1. Field of the Invention
The present invention relates to mirrors, and more particularly, to a protective coating for the silver layer of a silvered glass mirror to protect the silver layer from degradation.
2. Description of the Prior Art
Most commercial mirrors are silvered glass composite structures wherein a thin layer of silver is deposited on the surface of a glass substrate to reflect light. Silver is used because its reflectively is significantly greater than other metals. A common commercial process for fabricating such mirrors is known as a wet chemical electroless process, wherein a thin layer of chemically reduced silver is precipitated onto a sensitized glass surface. In order to protect the silver layer from damage and degradation, a protective coating is applied to its exposed surface. A common protective coat is comprised of a copper layer deposited over the silver layer with a thick enamel paint spread over the copper layer. The copper layer interposed between the silver and paint layers enhances adhesion of the paint to the silver. A typical composite silvered glass mirror structure is shown in FIG. 1.
Silvered glass mirrors structured as described above have been used indoors without significant problems for many years. The more recent interest in use of mirrors for solar collector applications, such as heliostats, has resulted in more test installations of mirrors outdoors.

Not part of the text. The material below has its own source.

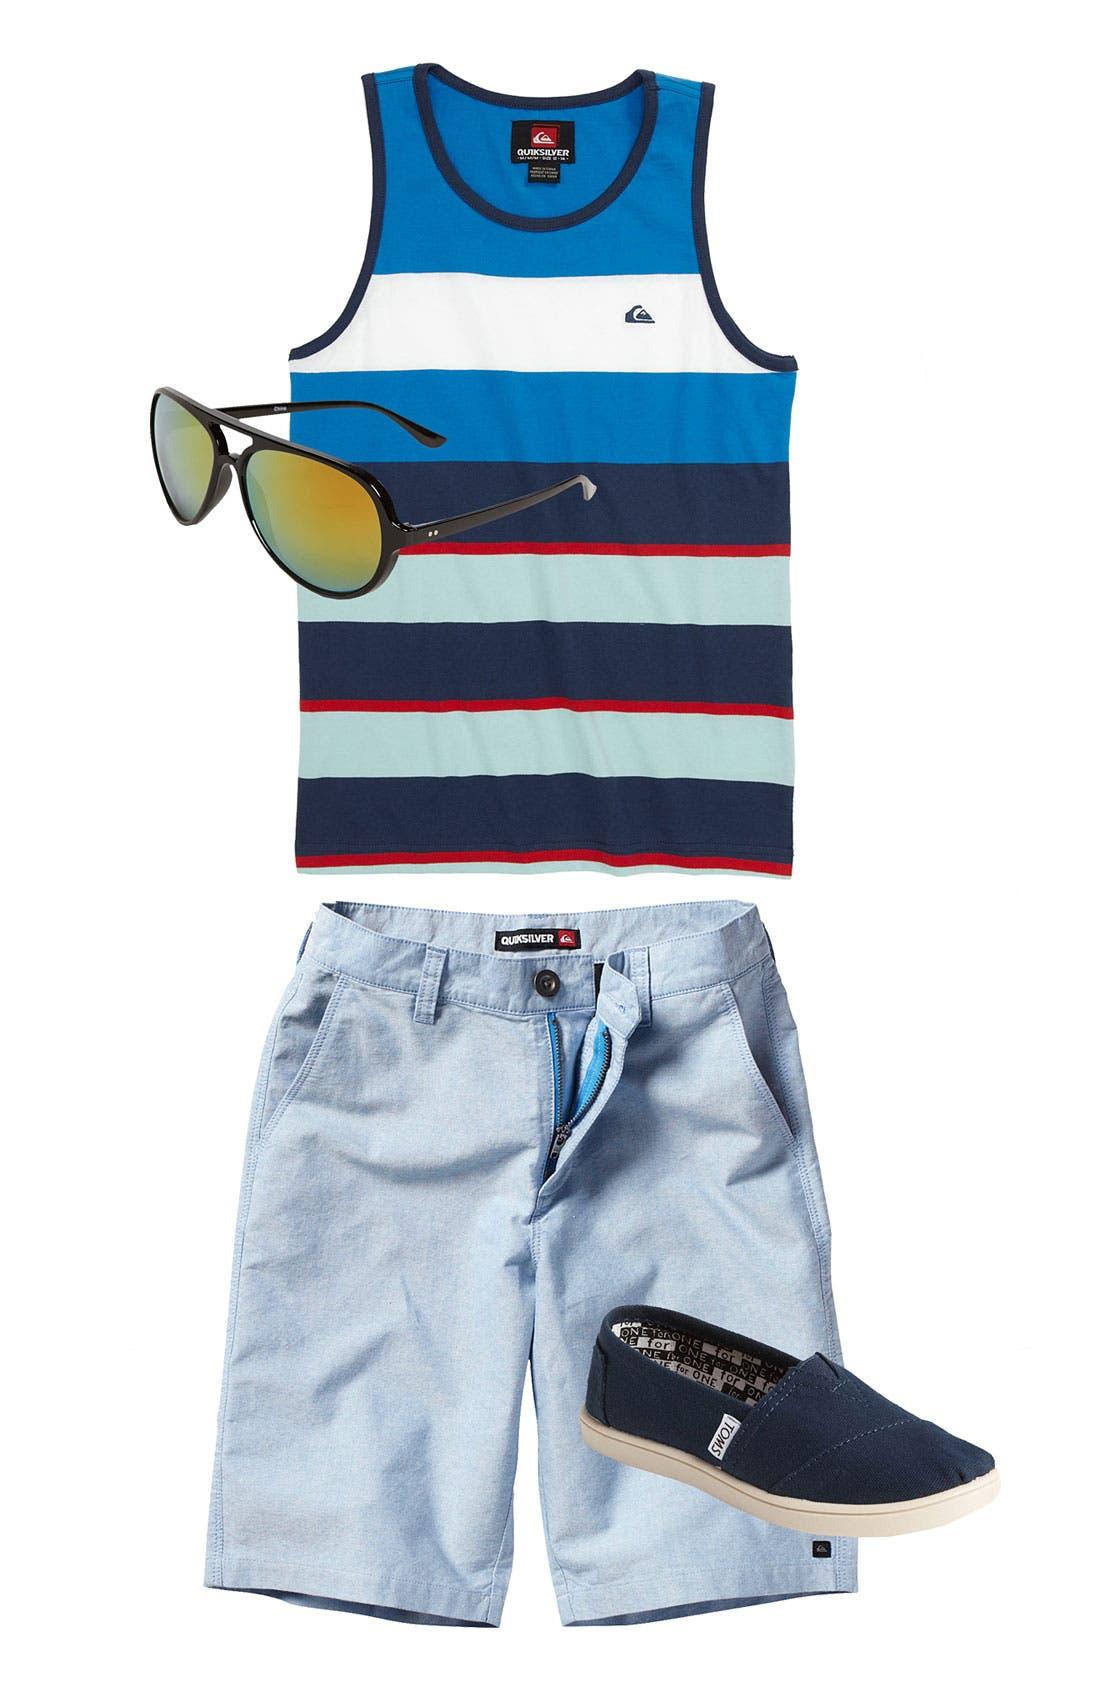 Main Image - Quiksilver Shirt & Shorts & Icon Eyewear Sunglasses (Big Boys)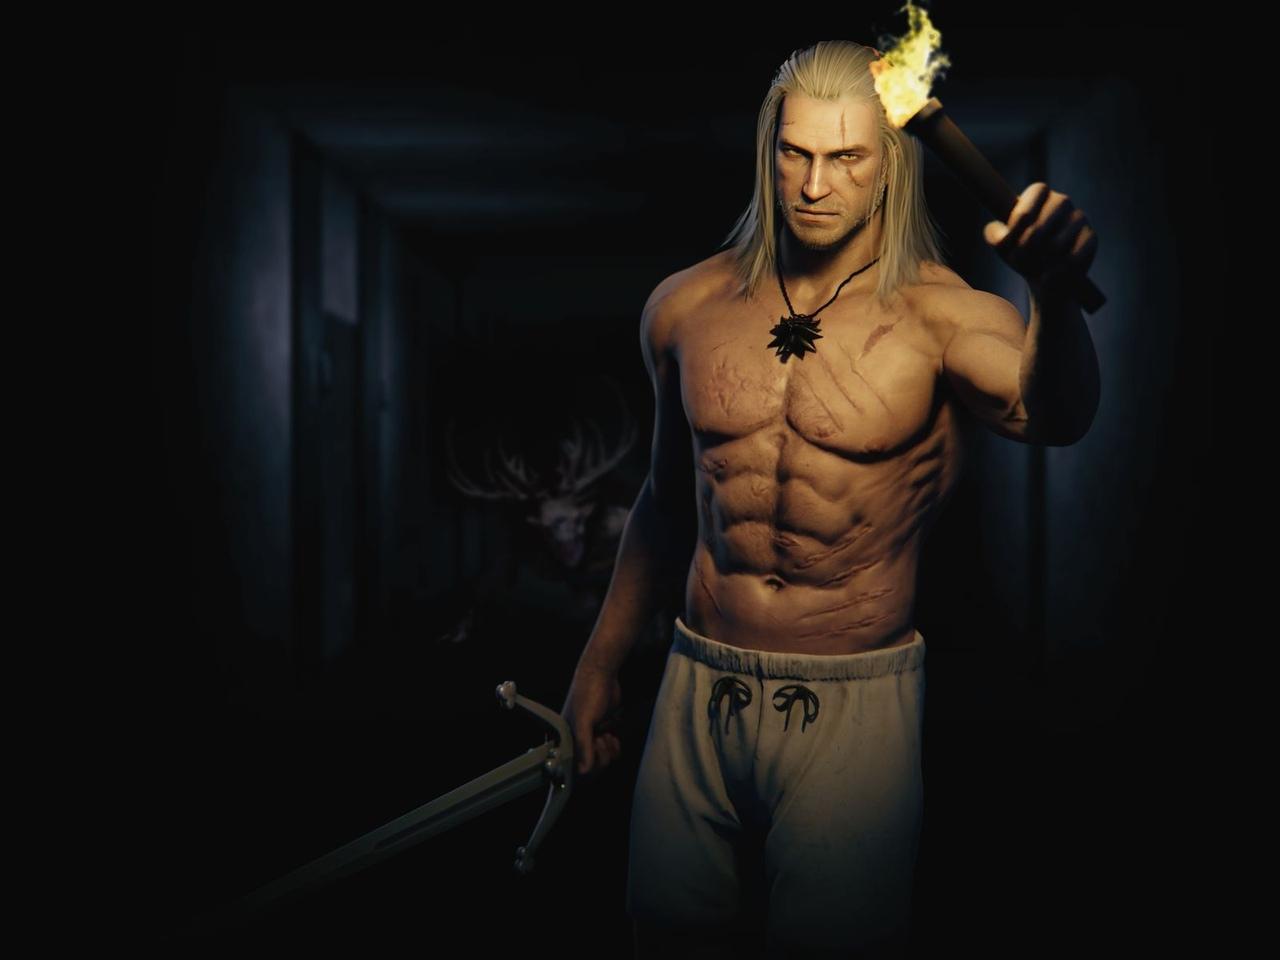 Геральт хардкорит против беса - The Witcher 3: Wild Hunt

While such tests have indicated economic feasibility of mirrored solar collector concepts from an energy standpoint, they unfortunately also revealed that conventional silvered glass mirrors do not stand up very well in outdoor environments. In fact, the reflective properties of most conventional mirrors undergo substantial degradation within several months to several years in outdoor environments, which is a relatively short time when a useful life of 20 years is generally considered to be minimum design requirements for economical solar collector installations.
The exact optical and mechanical degradation mechanisms of this physiochemical corrosion process are not well understood. Environmental and electrochemical test have shown that the corrosion reaction that occurs at the glass/metal interface of a mirrored surface is extremely sensitive to interfacial environment. It is believed that collection of humidity and chemicals normally found in the atmosphere in imperfections and crevices of the plated metal surface, fabrication chemicals, glass leaching, local hot spots and stresses, and photoactivation of the surface metals produces deleterious effects and causes large variances in the durability of mirrored surfaces.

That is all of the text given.